À gauche, le spectacle n’a pas manqué de sel. Jean-Luc Mélenchon, observateur amusé, aura vu le Parti socialiste s’égarer dans des contorsions dont il a le secret, multipliant les « accords techniques locaux », formule commode pour masquer des alliances de survie.
À Nantes, Brest ou Clermont-Ferrand, la préservation des bastions a primé la cohérence. Olivier Faure et François Hollande, en validant ces arrangements, ont semblé oublier qu’en politique la mémoire des électeurs est plus tenace qu’on ne le croit. La fermeté affichée à Paris pourrait d’ailleurs raviver des fractures entre sociaux-démocrates et Insoumis.
À droite, la digue face au RN a globalement tenu, malgré quelques fissures vite colmatées. Les ambiguïtés, les hésitations, les rétropédalages disent une chose : la question des alliances reste un poison lent. Le RN, lui, consolide ses positions sans parvenir à rompre son isolement. Il s’installe mais ne s’élargit pas.

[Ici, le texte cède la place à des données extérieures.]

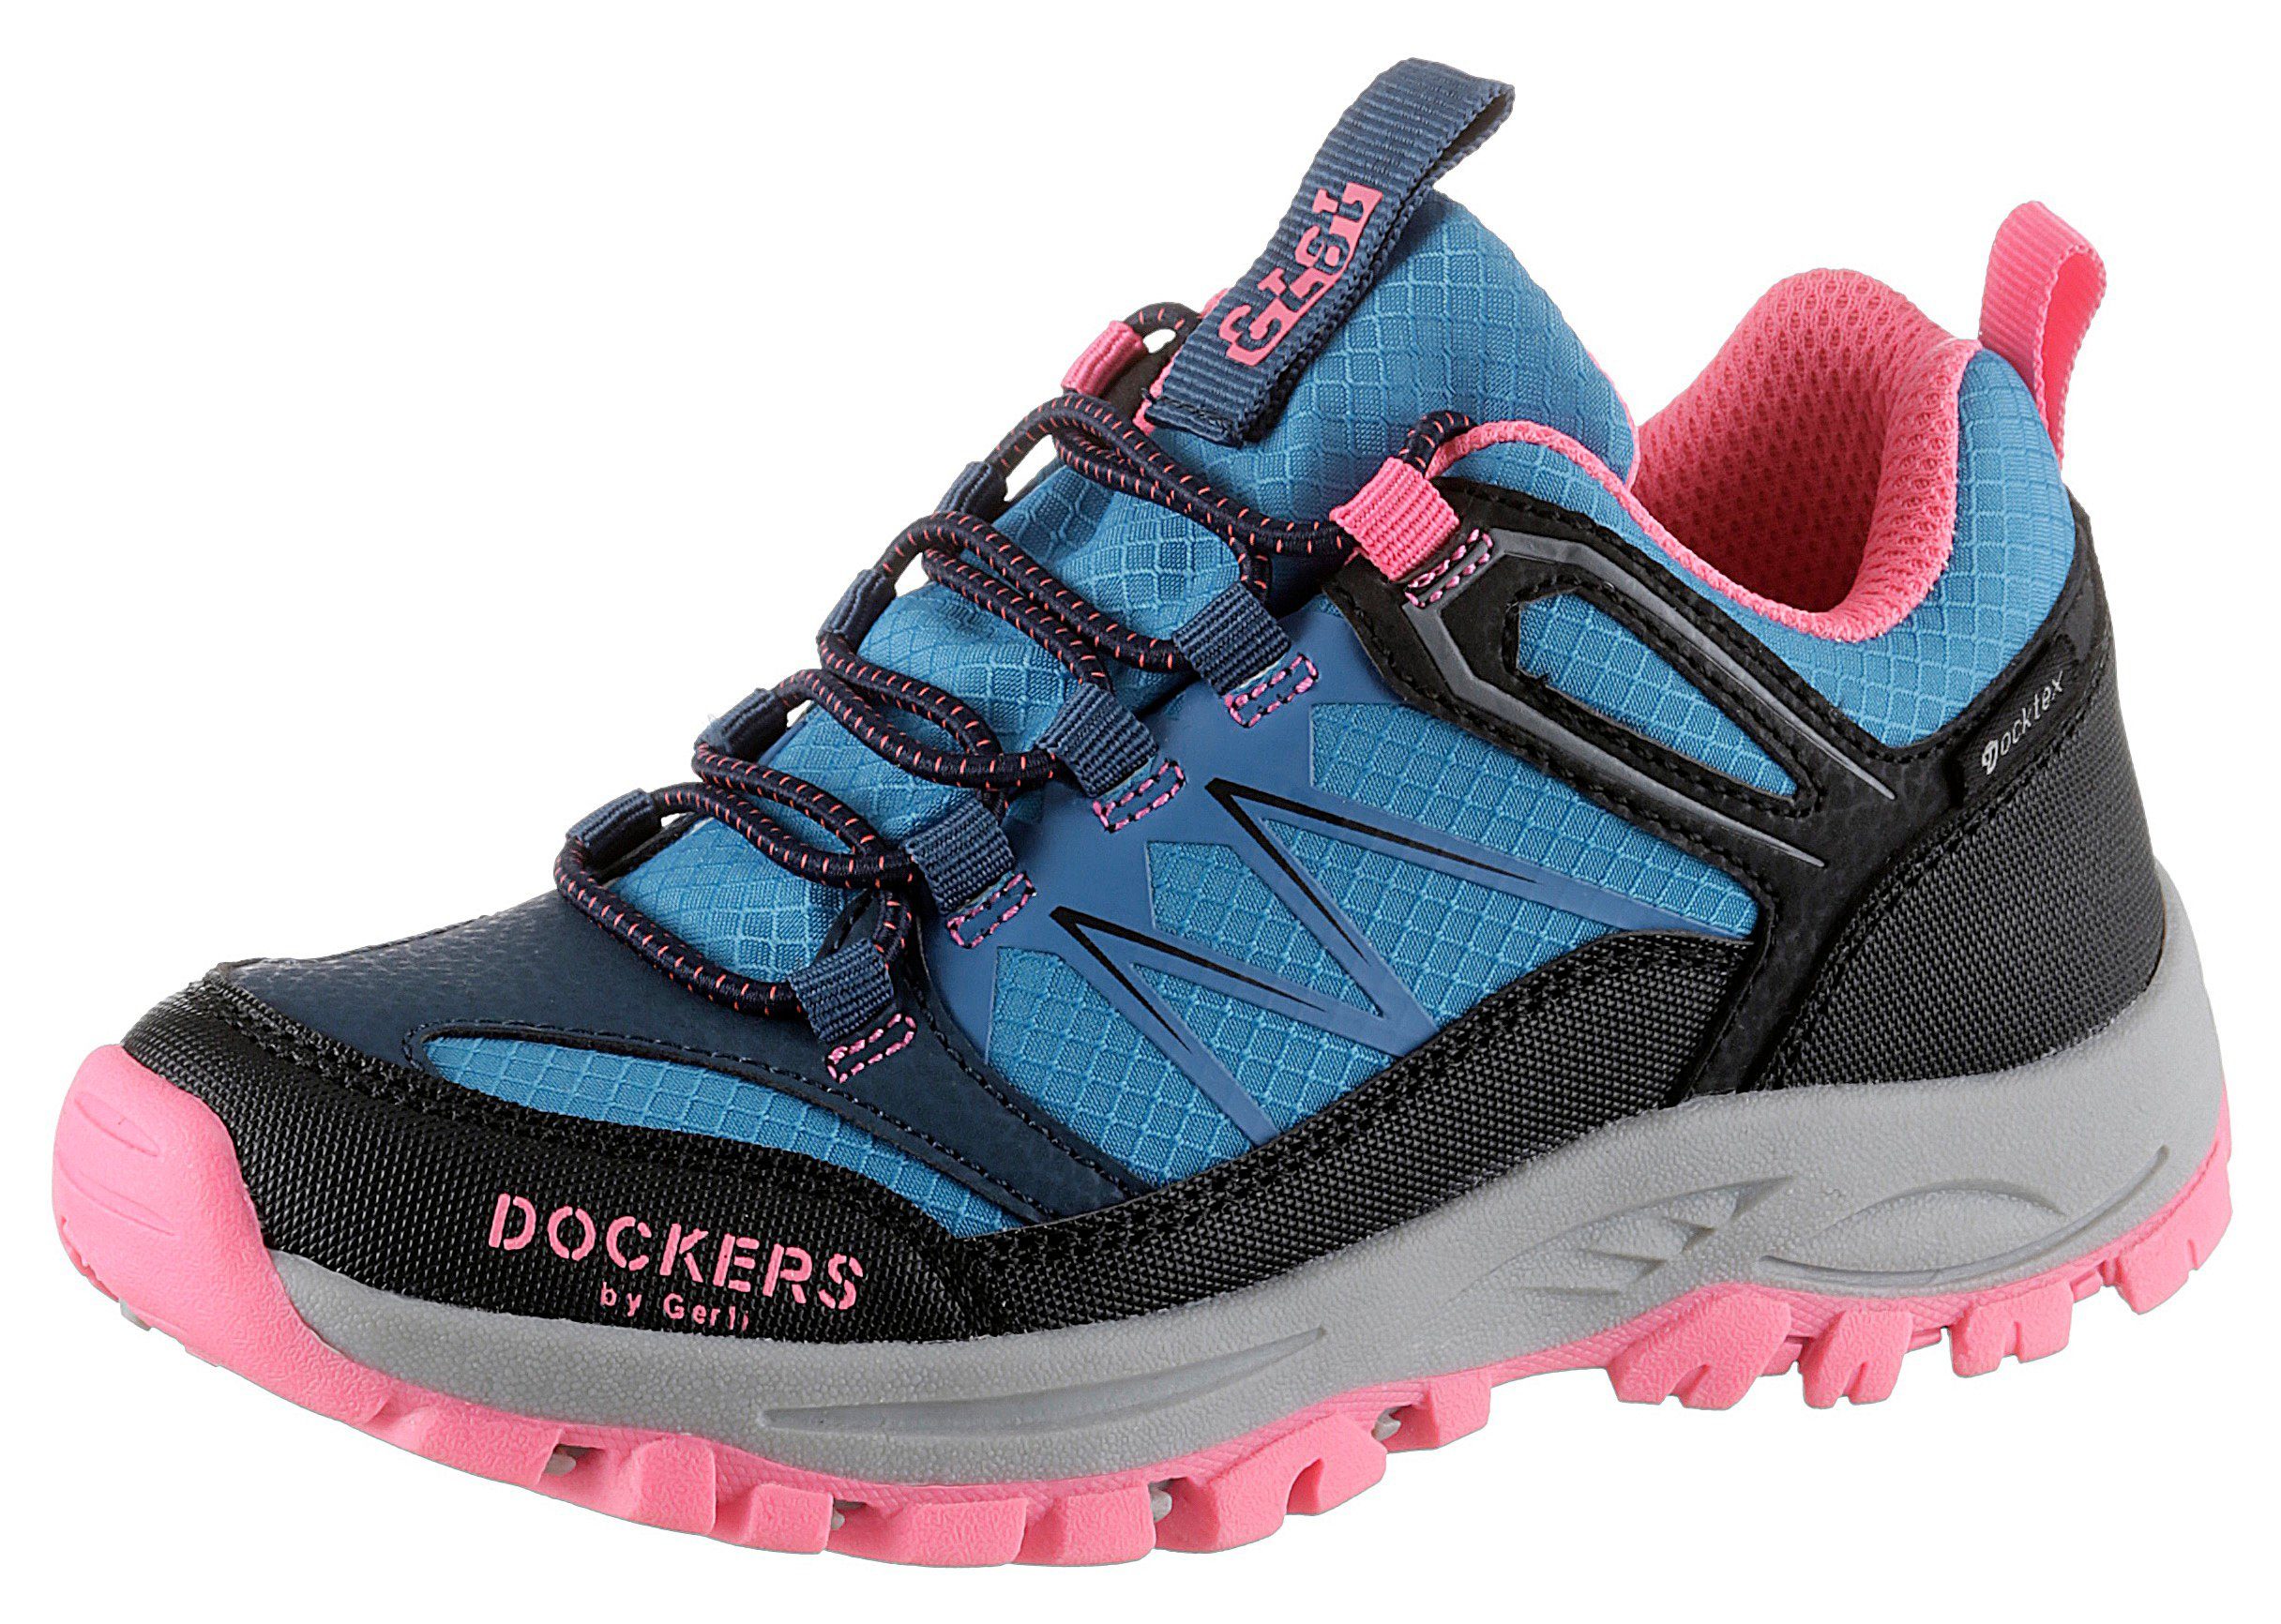 mit blau-schwarz-pink by Slip-On Sneaker Gerli Dockers Schnellverschluss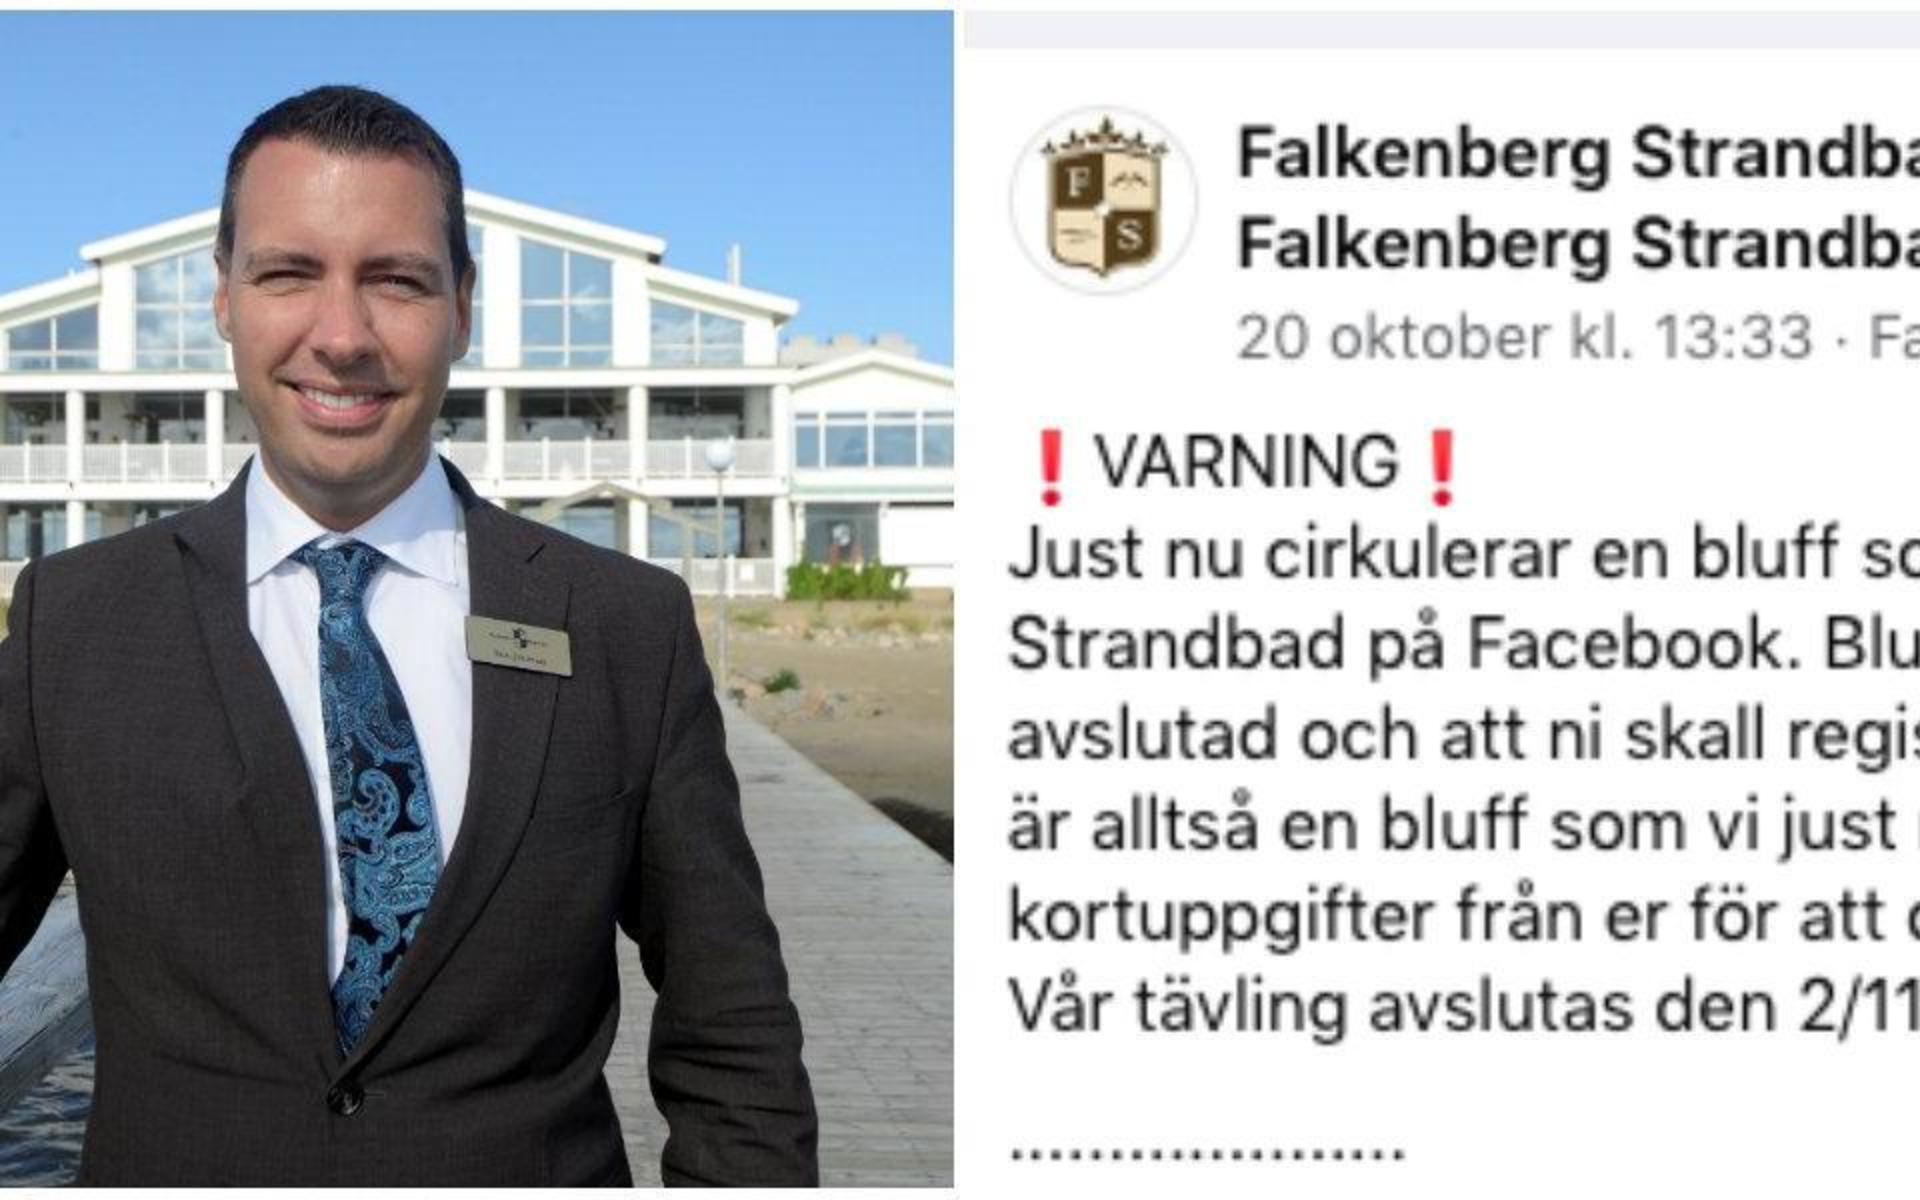 Falkenberg Strandbad har blivit utsatt för en bluff i samband med en tävling på facebook.

Mais l’essentiel est ailleurs : dans le suspense qui entoure une soixantaine de grandes villes. Paris, Lyon, Bordeaux, Toulouse – autant de baromètres politiques dont les résultats orienteront la lecture nationale du scrutin. Dans ce paysage fragmenté, Édouard Philippe avance ses pions. Sa réélection probable au Havre devrait marquer le véritable coup d’envoi de sa course à l’Élysée. Discret mais constant, il entend capitaliser sur une image de stabilité dans un pays en quête de repères.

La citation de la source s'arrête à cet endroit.